After slumping in yesterday’s trading session to within a whisker of parity against the US dollar, the Euro bulls have stepped in to defend this critical level, but it is going to be a tough job for them to hold on over the next few days.

Sending the Euro spiraling down yesterday was caused by fears that Russian President Vladimir Putin would cut off some key energy exports to the European Union. Gazprom temporarily shut down Nord Stream 1, the biggest single pipeline carrying Russian gas to Germany, for annual maintenance. The tap is expected to be turned on again in 10 days but market participants speculate that the Russian government could use the situation as an excuse to restrict gas supplies indefinitely in retaliation for sanctions imposed by the West following the invasion of Ukraine.

Should Nord Stream 1 remain out of service beyond the maintenance period scheduled to end on July 21, the price of natural gas is likely to go through the roof reaching a new all-time high and add to the inflationary pressures in Europe. This scenario will also create massive gas shortages in the region, prompting authorities to implement fuel rationing in residential areas and for businesses to reduce energy consumption heading into the winter season, paving the way for what could be a deep recession.

Developments on the other side of the Atlantic, specifically in the United States, could also be a catalyst to push the Euro below parity with the greenback. The latest CPI figures are due out from the US tomorrow and are expected to show annual inflation accelerating to around 9% on the back of soaring prices at the pump.
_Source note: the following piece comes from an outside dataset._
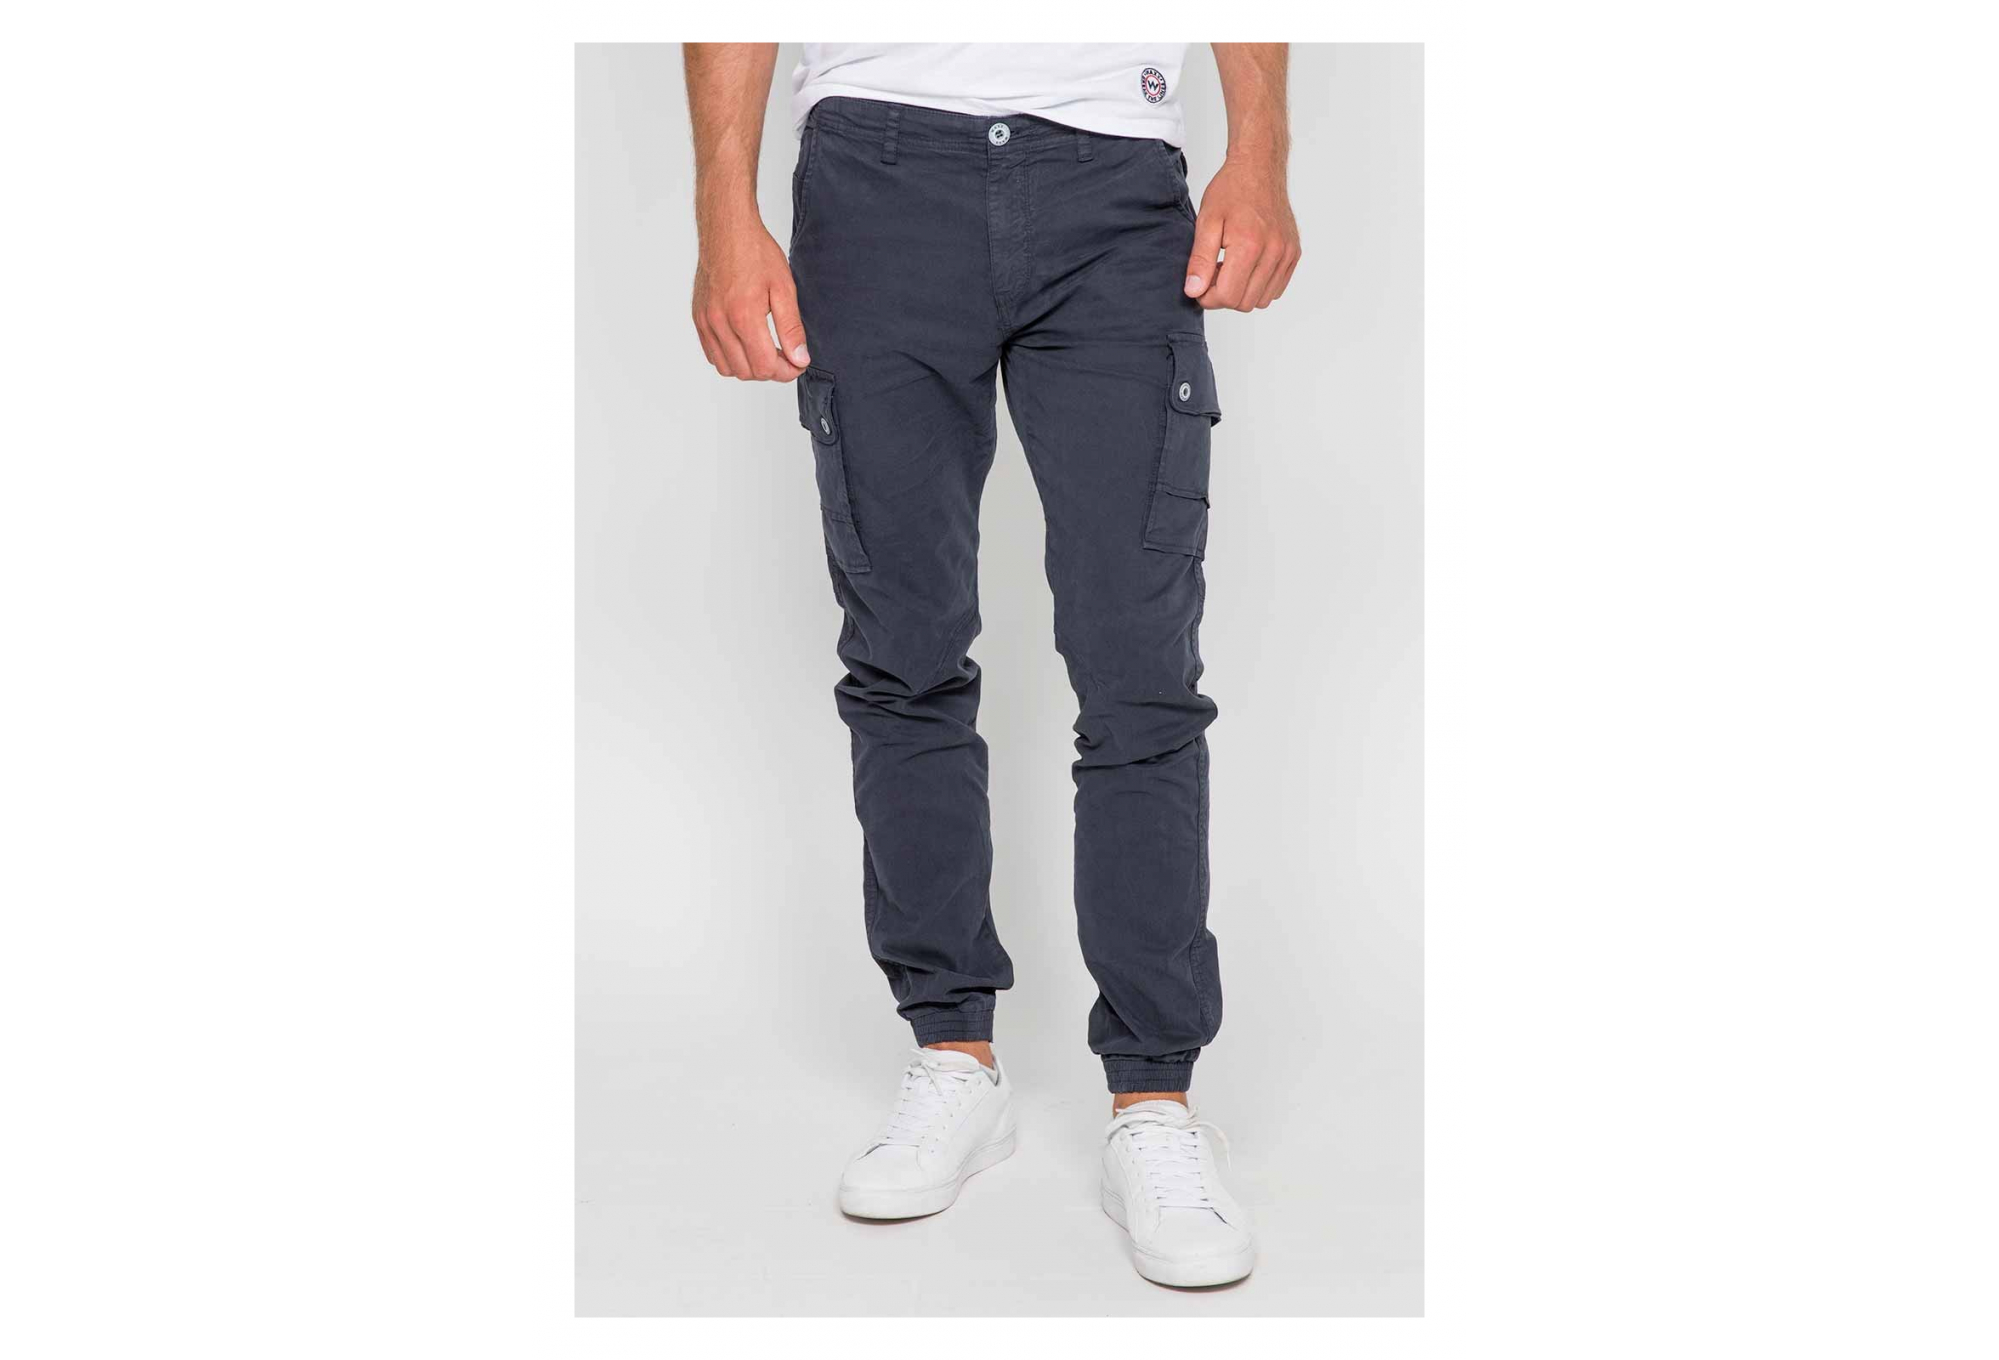 pretty cheap best selling limited guantity Pantalon Cargo Homme Noir

This will cause the US federal Reserve to introduce another 75 basis points interest rate hike at the July FOMC meeting and possibly September, as policymakers attempt to reign in inflation which is sitting at its highest level in over 40 years. Monetary policy divergence between the Fed and the ECB, along with significant downside risks to growth in the Eurozone, will ensure that the US dollar remains well supported not just against the Euro, but all of the major currencies.

Looking ahead today, the main driver of the EUR/USD currency pair will be the release of the Zew economic sediment index from Germany which is expected to hit the market at -32.8 against a reading of -28 last month.

Should the figure come in on expectations or below we may not have to wait until tomorrow to see the Euro worth less than a US dollar for the first time in over 20 years.